Branching and conditional statements has been first targeted by side-channel cryptanalysts exploiting timing as side-channel. There has been several countermeasures like fuzzying timestamp counters, constant time implementations which have been proposed in literature to thwart the attacks from timing variations. But in most of these countermeasures, threat exists through HPCs as side-channel since the sequence of conditional statements that are being executed remains dependent on the key bits. In the present work though we have illustrated the attacks on RSA-like asymmetric key ciphers but this work can be extended to standard Double and Add Algorithm which is used to implement Elliptic Curve Scalar Multiplication. This forms the basis of the future scope of the study. We propose some of the feasible algorithmic countermeasures which are capable to thwart the present attack:

  • Our attack targets the conditional reduction statement of Montgomery Multiplication (MM) and identifies secret key bits on observing branch miss distribution over separate ciphertext sets. If input to MM algorithm is masked such that 2 random numbers are generated at runtime and inputs are modified as \((a_r=a+r_1)\) and \((b_r=b+r_2)\), the branch predictor observes conditional branches which depend on \(r_1,r_2\). However the final product is \(a*b\) as effect of \(r_1,r_2\) can be nullified by adding correction terms. This masking strategy will prevent the adversary from simulating branch miss, since \(r_1,r_2\) are randomly generated at run time.

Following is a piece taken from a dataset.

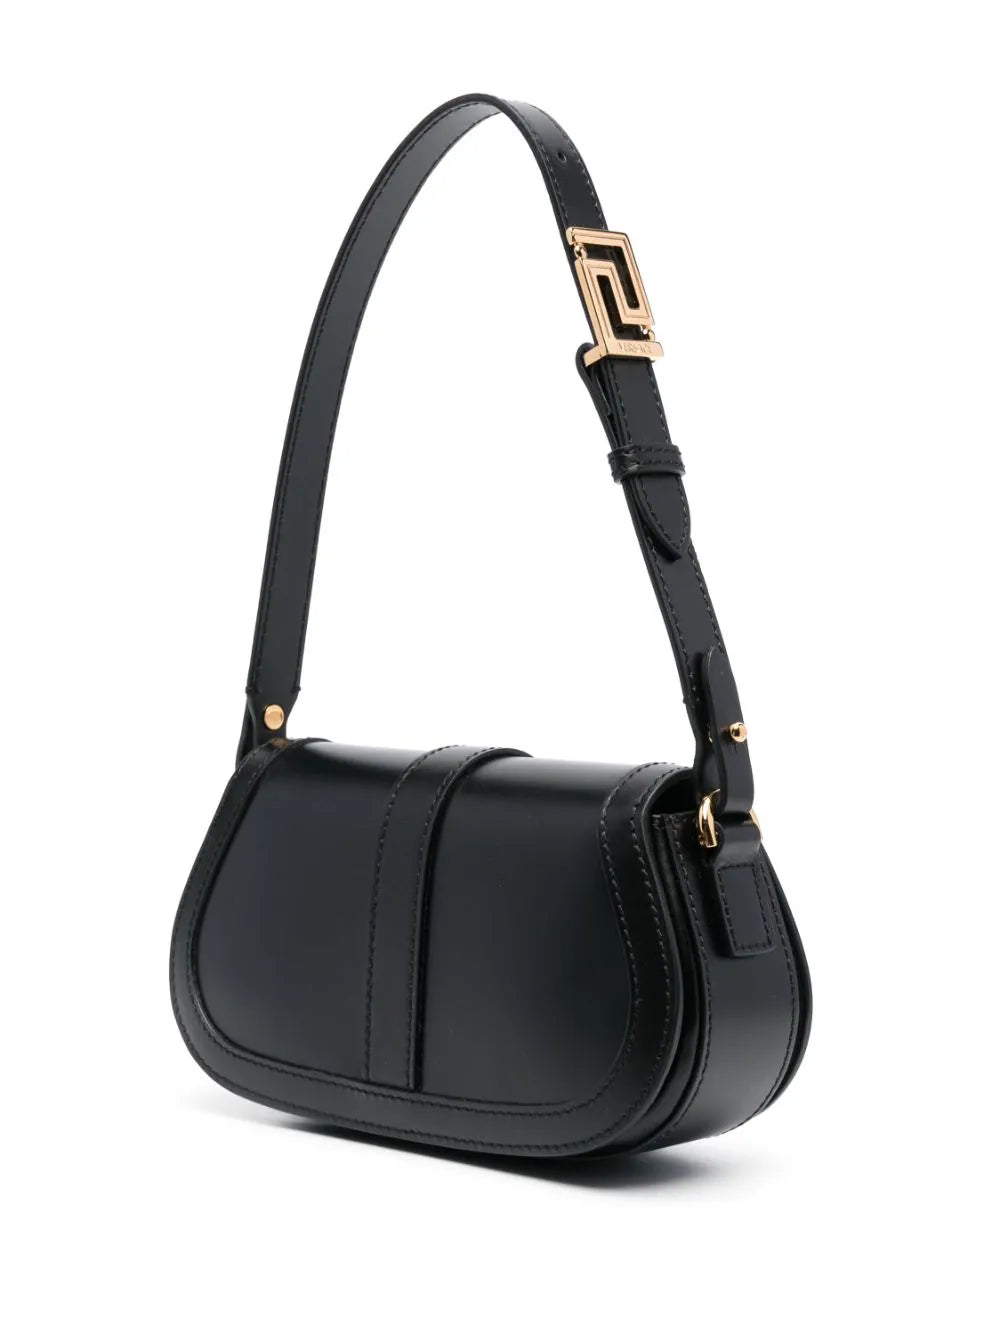 Versace Italia 1969 black shoulder bag  Black shoulder bag, Bags, Shoulder  bag

  • There are other implementations of RSA, like CRT-RSA, which can be more resistant against the proposed attacks, since the adversary cannot perform the necessary subsimulations without knowing the prime factors of the RSA modulus.

However in context to such implementations, the performance counters can still pose a threatening side-channel, if stronger attack models are considered. For example, if the adversary is capable of introducing a transient bit fault in the secret exponent, and observes the differences in the values of the performance counters, leakages due to the branch predictor still occurs [2].

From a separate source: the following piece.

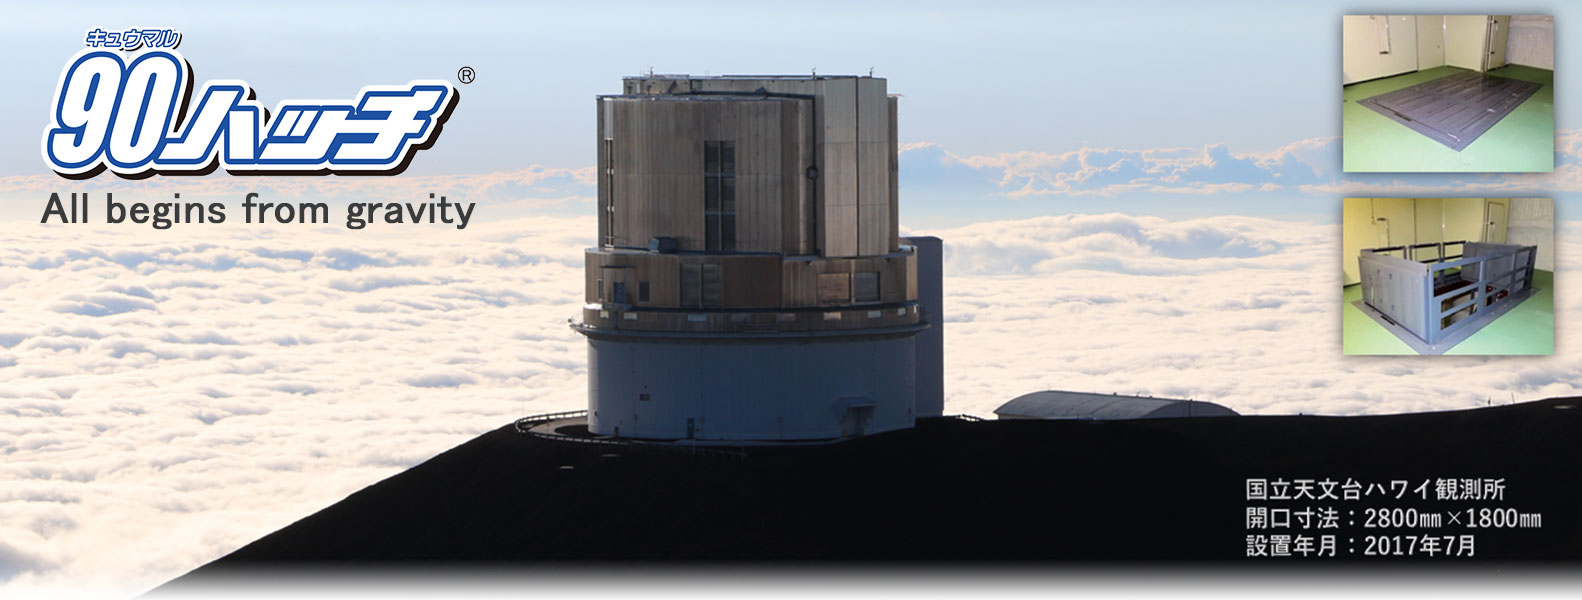 国立天文台ハワイ観測所

All these experiments, show that HPCs form a threatening side-channel for the existing implementations of RSA-like public key ciphers and any such implementation which has branching statements conditioned on secret key bits are vulnerable to attacks exploiting branch misprediction information from HPCs. This side-channel should also be considered along with other well-known side-channels like timing, power, and faults. The information provided by the Performance Counters should be possibly computed to provide the user means to access the performance, without providing a mechanism to extract secret information.

8 Conclusion

This paper shows that HPCs, which are used as performance monitors (watchmen) in modern computer systems can be utilized to retrieve the secret keys by reasonably modelled adversaries. The attack that we illustrate exploit the characteristics of branch predictor and show formally that the leakage of the key increases with the ability of the attacker to model the predictor more accurately. The experimental results clearly present the correct identification of the secret bits of 1024 bit RSA running on real life Intel platforms. We follow by a claim that branch misses from HPCs are indeed more significant side-channel compared to timing. For future work these experiments should be widened to model secure predictors which will inherently prevent information leakage.